Together, these in vitro immune cell experiments suggest pharmacological immunomodulating activity of the CVT-E002 extract. In this regard, it is perhaps worth noting that a study by Assinewe et al with an aqueous extract of P. quinquefolius provides corroborating information.8 Those investigators exposed rat alveolar macrophages to a polysaccharide-rich aqueous extract (free of ginsenosides) of American ginseng root, and they reported significantly increased production of the inflammatory cytokine TNF-α. The same researchers reported that a methanol extract of the root containing ginsenosides and free of polysaccharides had no cytokine-stimulating activity.
A 2001 study reported immunological effects of feeding mice different doses of CVT-E002.22 Groups of 5 BALB/c mice (a transgenic mouse model bred to exhibit immuno-susceptibility) were randomized to 0 mg, 2 mg, 6 mg, or 18 mg daily dose of CVT-E002, with dose regimens continuing for 7 days. Using blood collected from tail veins, standard ELISA techniques were used to quantify total immunoglobulin G (IgG) antibody. Total (nonspecific) IgG can be considered a marker of potential adaptive immunity. Compared to control, the higher doses (8 mg and 16 mg) led to statistically significant increases in IgG production (p < 0.05).
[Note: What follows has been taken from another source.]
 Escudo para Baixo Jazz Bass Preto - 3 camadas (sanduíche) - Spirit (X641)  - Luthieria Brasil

There were no significant differences between the 0 g (control) and 2 mg groups, or between the 6 mg and 18 mg groups.
In May 2006, a conference lecture titled “The role of phytocompounds in immunoenhancement and cancer abatement” was presented by S.C. Miller in Edmonton, Alberta, Canada, at the North American Research Conference on Complementary and Integrative Medicine.25 This investigator reported that young male BDA/2 mice injected with erythroleukemia cells were fed 2 mg per day of CVT-E002 extract incorporated into their food. Compared to controls, mice fed CVT-E002 apparently displayed higher levels of mononuclear and NK cells, and fewer erythroleukemia blast cells. However, until the methodology, details, and specific findings are presented in a peer-reviewed article format and repeated in other laboratory settings, these findings should be considered preliminary.
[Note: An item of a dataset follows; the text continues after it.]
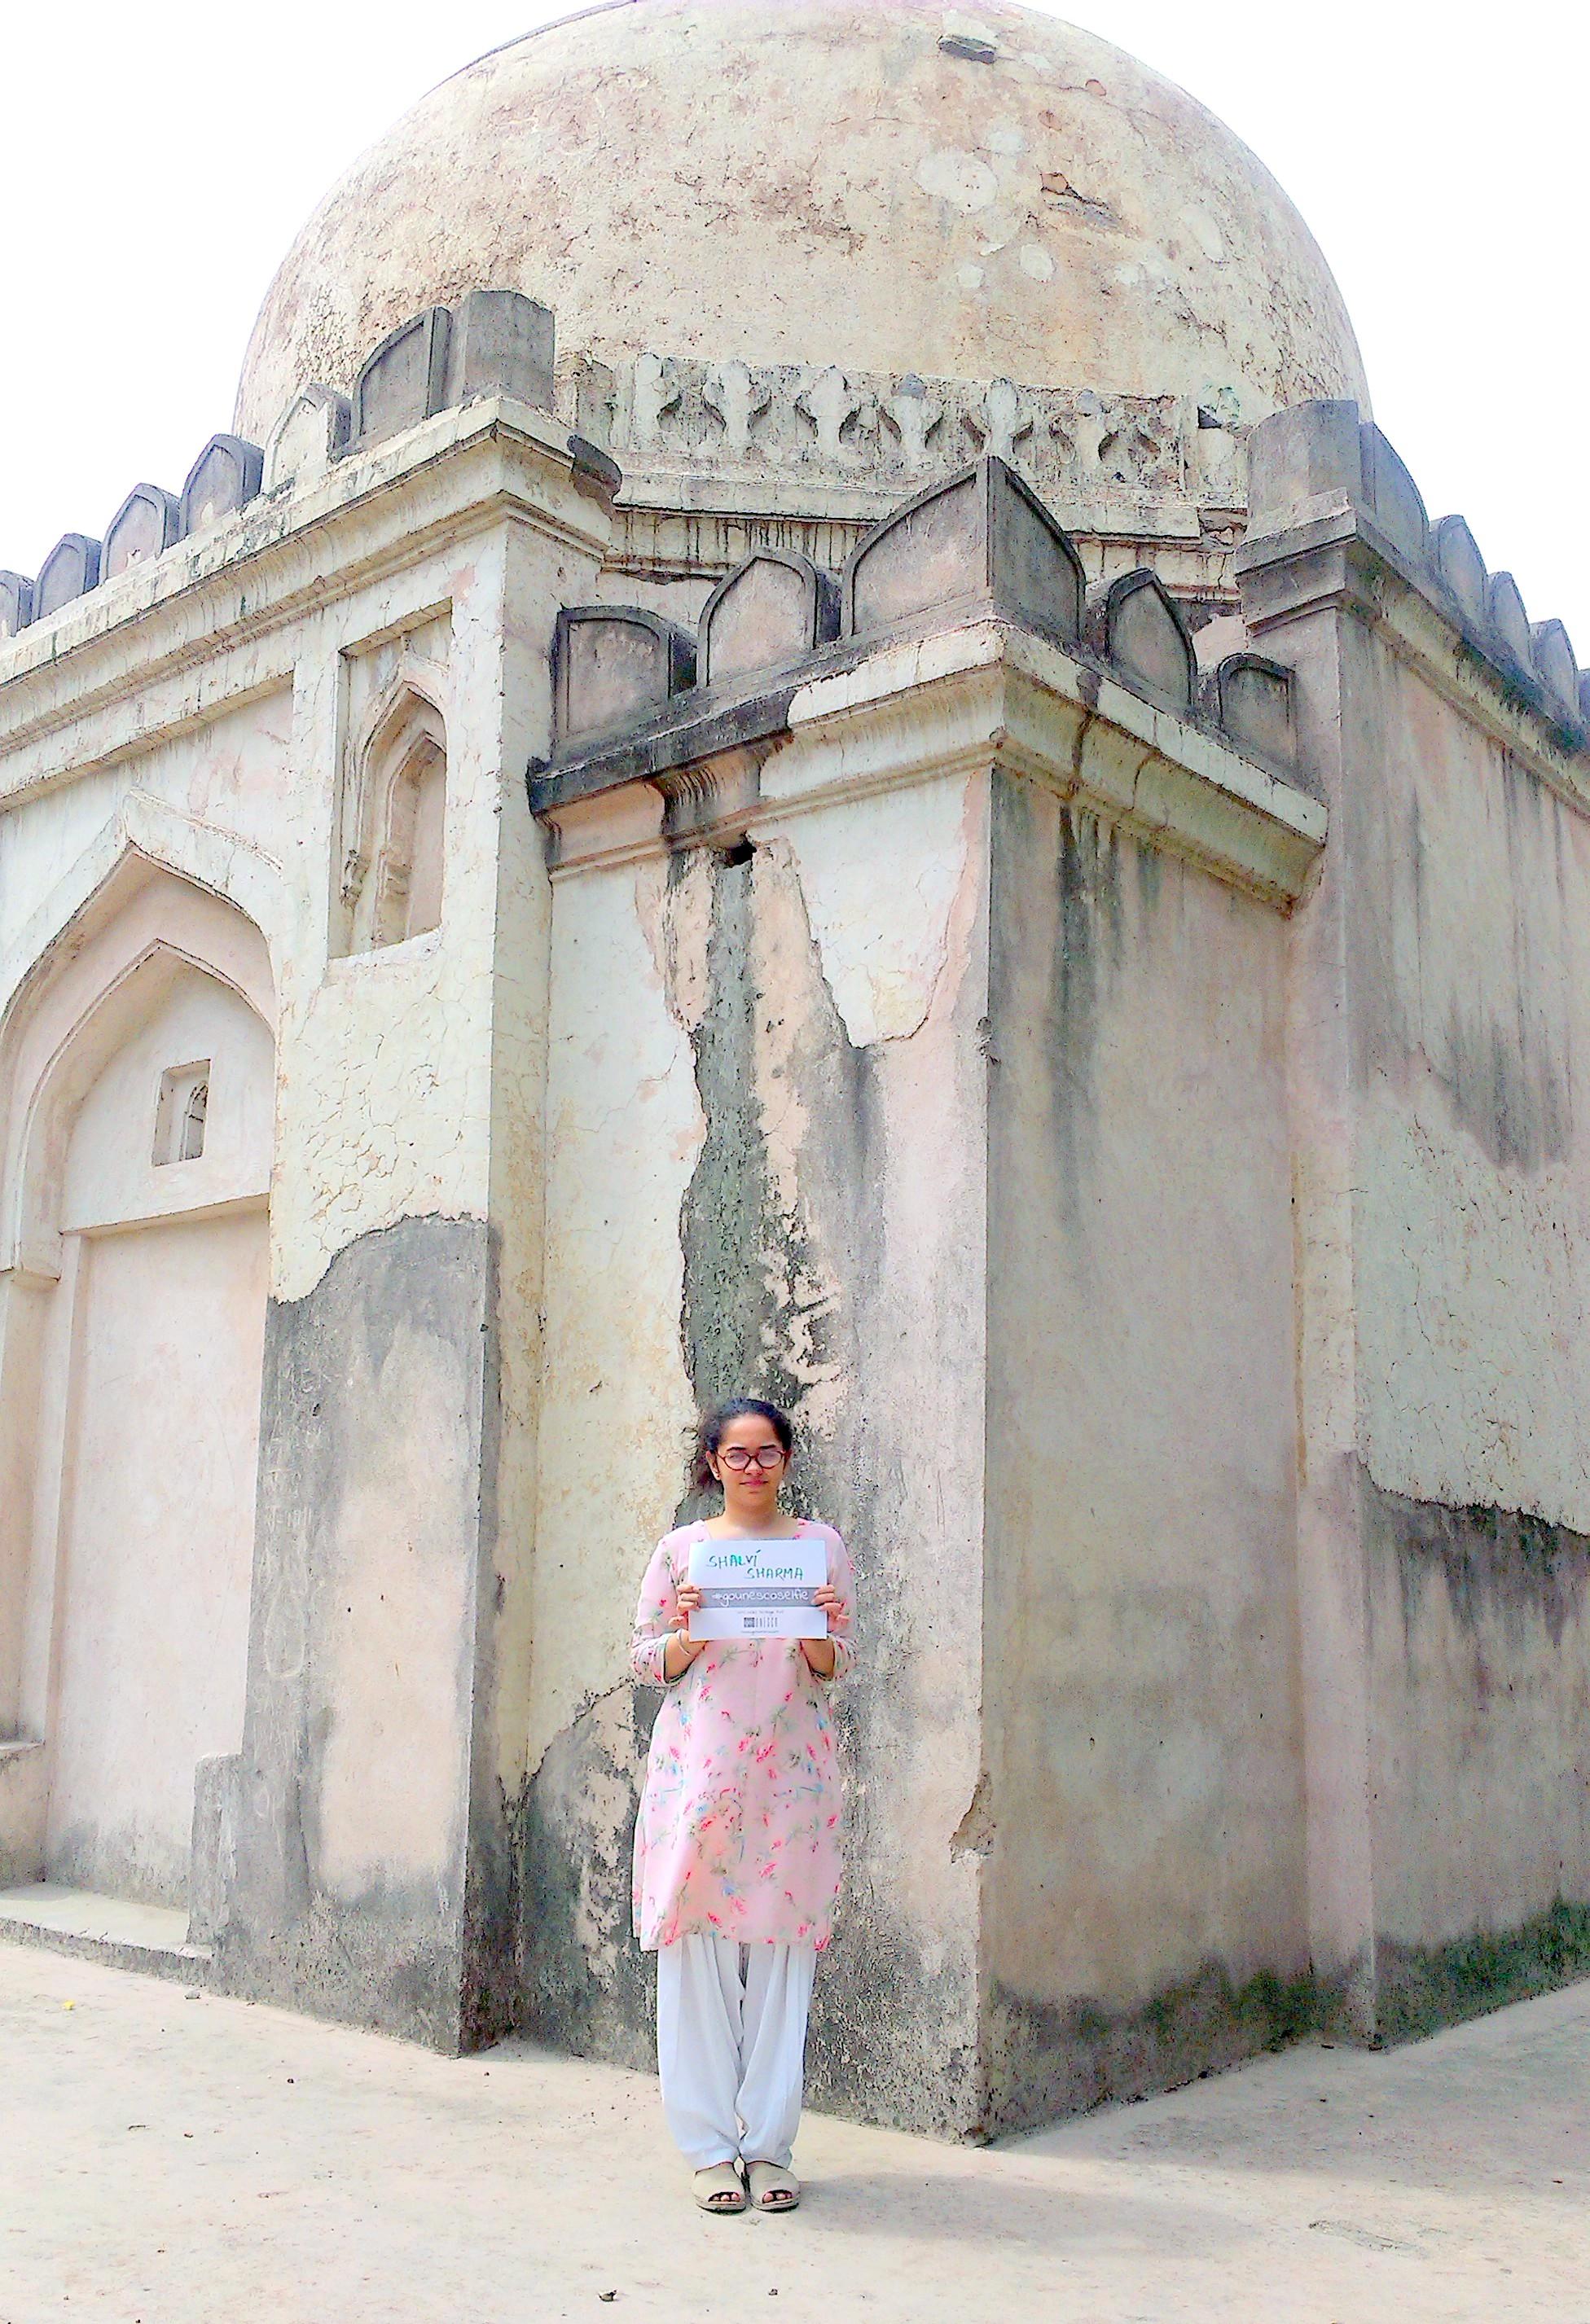 Choti Gumti Hauz Khas Ruins

Potential effects on pain receptor/transmission pathways were investigated in a mouse model. Yang and colleagues treated 23 young male ICR mice with 0.3 mL of a standardized CVT-E002 solution by gastrogavage for 4 consecutive days.26 Twenty control mice received the same volume of water by standard blunt needle gavage technique. A diluted formalin solution was injected into the paws of all mice in both groups in order to elicit pain response. The authors reported that the time spent licking or biting the injured paw at 25 to 30 minutes after injection was significantly less in the CVT-E002-treated group compared to the control group (p < 0.05).
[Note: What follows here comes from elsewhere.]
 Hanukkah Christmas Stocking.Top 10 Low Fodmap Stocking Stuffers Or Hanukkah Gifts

Predy et al27 describe analysis of blood samples from 42 of 323 participants in a randomized, controlled trial testing COLD-fX for the prevention of acute respiratory infection.16 Blood samples were taken before randomization and again at the end of the study for 21 people from the COLD-fX group and 21 people from the placebo group. Basic white blood cell neutrophil and lymphocyte differentials did not vary between treatment and control groups. However, average concentrations of CD4 helper cells and NK cells increased significantly more in the CVT-E002 group compared to the placebo group (p < 0.04 and p < 0.001, respectively). Plasma immunoglobulin A (IgA) levels decreased in both groups but were greater in the COLD-fX group compared to placebo (p < 0.03).